Late to the courthouse, Phillip is feeding pigeons on a bench when Walt from his newsstand comes by, with his wife of 30 years. When he asks how he knew Sophia was the one, he said he just knew. Walt wishes Phillip luck in finding his love in time. Inspired, Phillip goes to the courthouse and asks the judge to put off the Fields's hearing to give them time to reconsider.

Then, Phillip breaks into the Acapulco beach house, finding a name on a Nalfon pill bottle, before he's arrested. Drew "bails" him out of jail. Back in Los Angeles Phillip locates Gloria/Marsha's mother, but she has her son toss him out.

Knowing Gloria/Marsha's last name is Franklin, Phillip sends roses to every possible Franklin residence, with cards to Marsha, asking her to not get married. Gloria/Marsha calls him and he insists they meet. At the zoo, he talks down from an skyway and she talks up from an underpass bus stop, insisting it's too late, listing all the impediments to cancelling, but doesn't say she doesn't love him, and then leaves on a bus.

Phillip knows her fiancé's name is Jason Elliot, and finds his address in the phone book but just misses her. Jason mentions her name as Gloria and the wedding is in a downtown hotel. Phillip mentions his name, which Gloria said with whom she spent his bachelor party weekend. He gets Linda and Jack to drive to downtown hotels, finding it on the third stop. Then he tries to stop the wedding and convince Gloria that they belong together.
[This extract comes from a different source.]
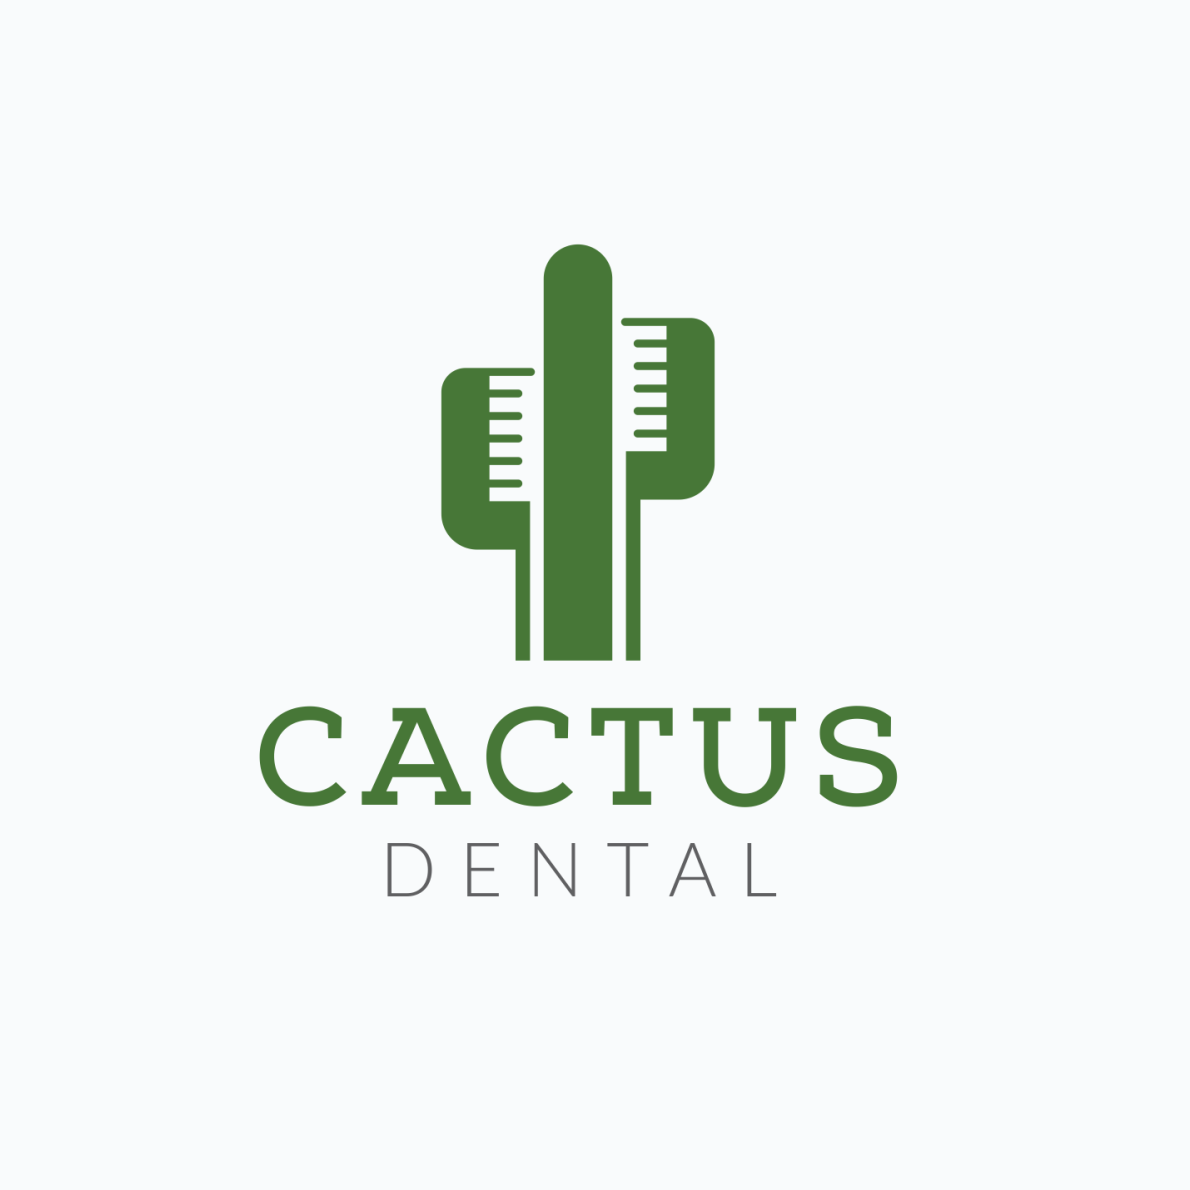 oryginalny projekt logo dla Cactus Dental

After chases, chance meetings (Fields and his wife embracing...) and slapstick, Phillip leaves.

In her bridal gown, Gloria finds Phillip at the zoo where they first met, and kiss.

==Cast==

- John Ritter as Phillip Reed
- Connie Sellecca as Gloria Franklin
- Randee Heller as Mimi
- John Bennett Perry as Jason Elliot
- Paul Sand as Jack
- Scott Bakula as Drew
- Deena Freeman as Beverly
- Kate Zentall as Lynda
- Shannon Tweed as Joanne Preston
- Larry Gelman as Walt
- Gretchen Wyler as Mrs. Franklin
- Andrew Masset as Doug
- Janet Wood as Nancy
- Steve Kahan as Amigo de Jason
- Bea Silvern as Sophia
- Michael Alldredge as Larry Fields

- Paddi Edwards as Mrs. Reed
- Julie Parrish as Marge Fields
- Jamie Bozian as Andrea
- H.B. Haggerty as Hotel Porter
- Lillian Lehman as Hotel Receptionist
- Mario Lopez as Car Rental Clerk

==Production==
An exterior setting features Salmon Run (sculpture, 1982, Christopher Keene) at Manulife Plaza on the southwest corner of Figueroa Street and Fifth Street, Bunker Hill, Los Angeles, California. and another setting features the Los Angeles Sheraton Grande Hotel.

Running themes include: black bears, cats on mouths, Phillip and Gloria near-meetings, and Phillip tripping.

== Reception ==
John J. O'Connor of The New York Times wrote that the film "tries hard, and often rather amiably, to be what used to be known as a romantic romp" but "gives us silliness that keeps toppling into stupidity."